We will present complexity characteristics of individual organ systems, distinct forms of pairwise coupling between systems, and a new framework to identify and quantify dynamic networks of organ interactions. Through the prism of concepts and approaches originating in statistical and computational physics, applied mathematics, nonlinear dynamics, biomedical engineering and adaptive networks, we develop a physiologically motivated framework to map physiologic networks to graphical objects encoded with information about the coupling strength of network links.
Applying a system-wide integrative approach, we identify distinct patterns in the network structure of organ interactions, as well as the frequency bands through which these interactions are mediated.
We will demonstrate how physiologic network topology and systems connectivity lead to integrated global behaviors representative of distinct states and functions. We will also show that universal laws govern physiological networks at different levels of integration in the human body (brain-brain, brain-organ, and organ-organ), and that transitions across physiological states are associated with specific modules of hierarchical network reorganization.
We will outline implications for new theoretical developments, basic physiology and clinical medicine, novel platforms of integrated biomedical devices, robotics, and cyborg technology.
The presented investigations are initial steps in building a first atlas of dynamic interactions among organ systems and the human physiolome, a new kind of Big Data blueprint reference maps that uniquely represent physiologic states and functions under health and disease.
About the speaker
Plamen Ch. Ivanov, PhD, DSc, is the Director of the Keck Laboratory for Network Physiology, Research Professor in Physics, Systems in Neuroscience, and Neurosurgery at Boston University.

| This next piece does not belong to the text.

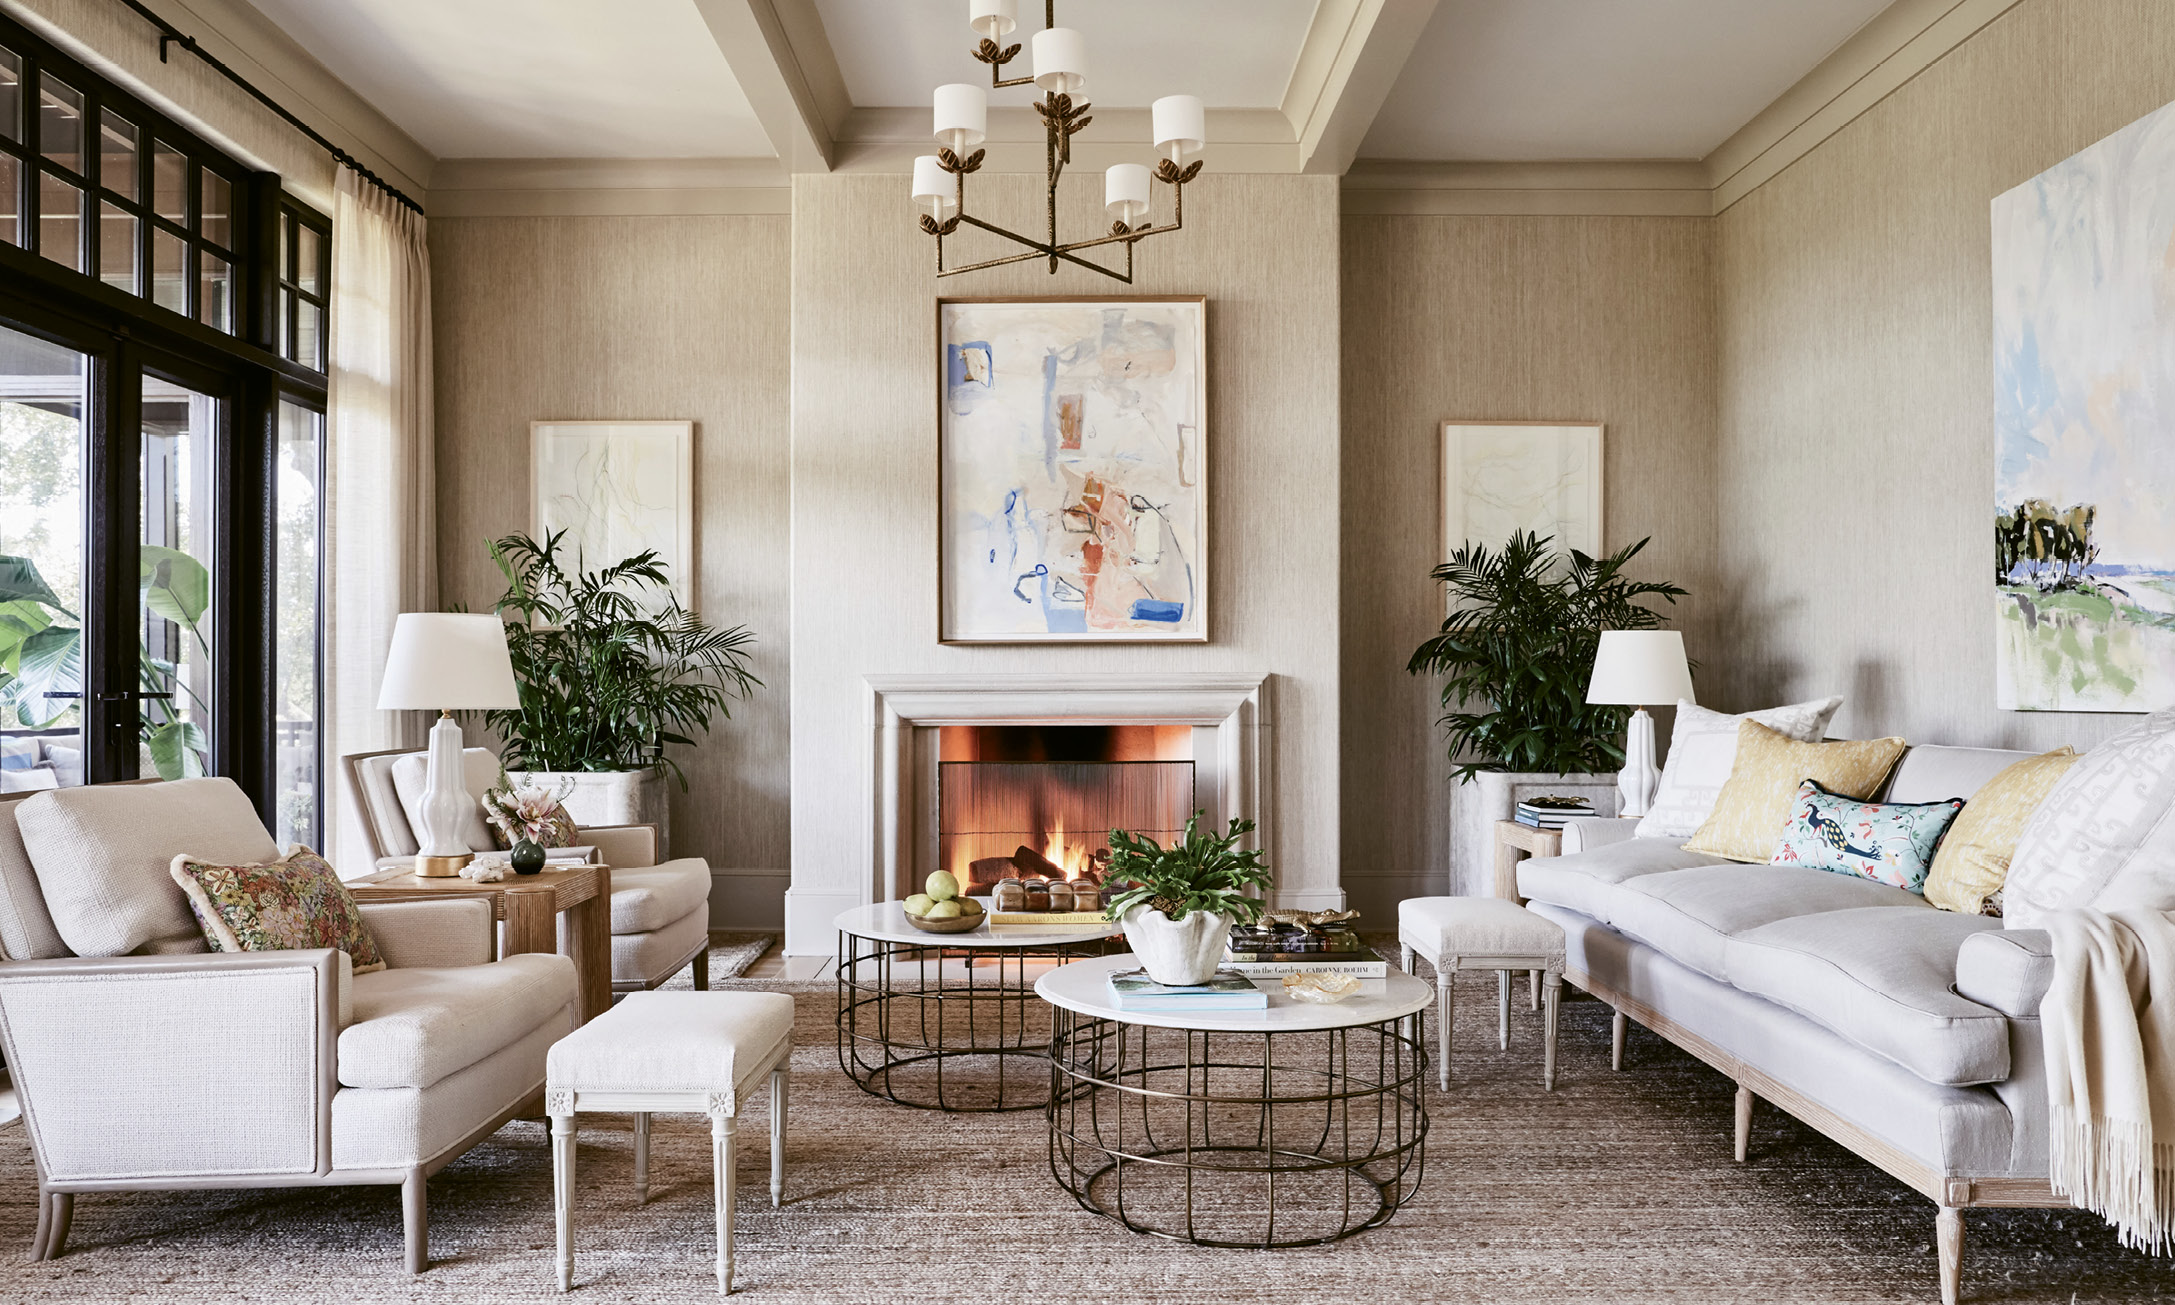 Neutral Territory: In the living room, a neutral yet textured sandy palette, including grasscloth-covered walls and upholstered linen sofa and chairs, allows the expansive marsh view to take center stage. The Frank Phillips painting over the mantel, found at George Gallery, as well as some commissioned works, provide splashes of subtle color. Bamboo and brass accents add dimension.

He has introduced innovative ways to analyze and model physiological systems, adapting and developing concepts and methods from modern statistical physics, nonlinear dynamics and network theory. He has investigated the complex dynamics and underlying control mechanisms of a range of physiological systems, including studies on cardiac and respiratory dynamics, sleep-stage transitions, circadian rhythms, locomotion and brain dynamics, and has uncovered basic laws of physiologic regulation.
Professor Ivanov has pioneered the study of dynamic network interactions of physiological and organ systems. He is the originator and founder of the multidisciplinary field of network physiology.
His current work focuses on developing methods of data analysis to investigate interactions among diverse organ systems and build a theoretical framework to understand how physiologic states and functions at the organism level emerge out of organ network interactions, and how diverse organ systems coordinate and integrate their functions to produce health or disease.
His discoveries have been broadly featured in the media, including Scientific American, Science News, New Scientist, Physics World and The Boston Globe.
Professor Ivanov is the Field Chief Editor of Frontiers in Network Physiology and Director of the International Summer Institute on Network Physiology (ISINP), Lake Como School of Advanced Study. He is a founding member of PhysioNet – the first US National NIH-sponsored data and algorithms research resource, and now a world-leading resource with millions of users.
His research has been funded by NIH, Office of Naval Research (ONR), and the W.M. Keck Foundation.
For his pioneering applications of statistical physics and nonlinear dynamics to physiology and biomedicine, Professor Ivanov was elected Fellow of the American Physical Society in 2010. He is the recipient of the Sustained Research Excellence Award of the Biomedical Research Institute, Brigham and Women’s Hospital, Harvard Medical School (2009–2011); the Georgi Nadjakov Medal of the Bulgarian Academy of Sciences (2012); the Pythagoras (Pitagor) Prize for high achievements in interdisciplinary research (2014); and the $1 million W.M. Keck Foundation National Award (2015).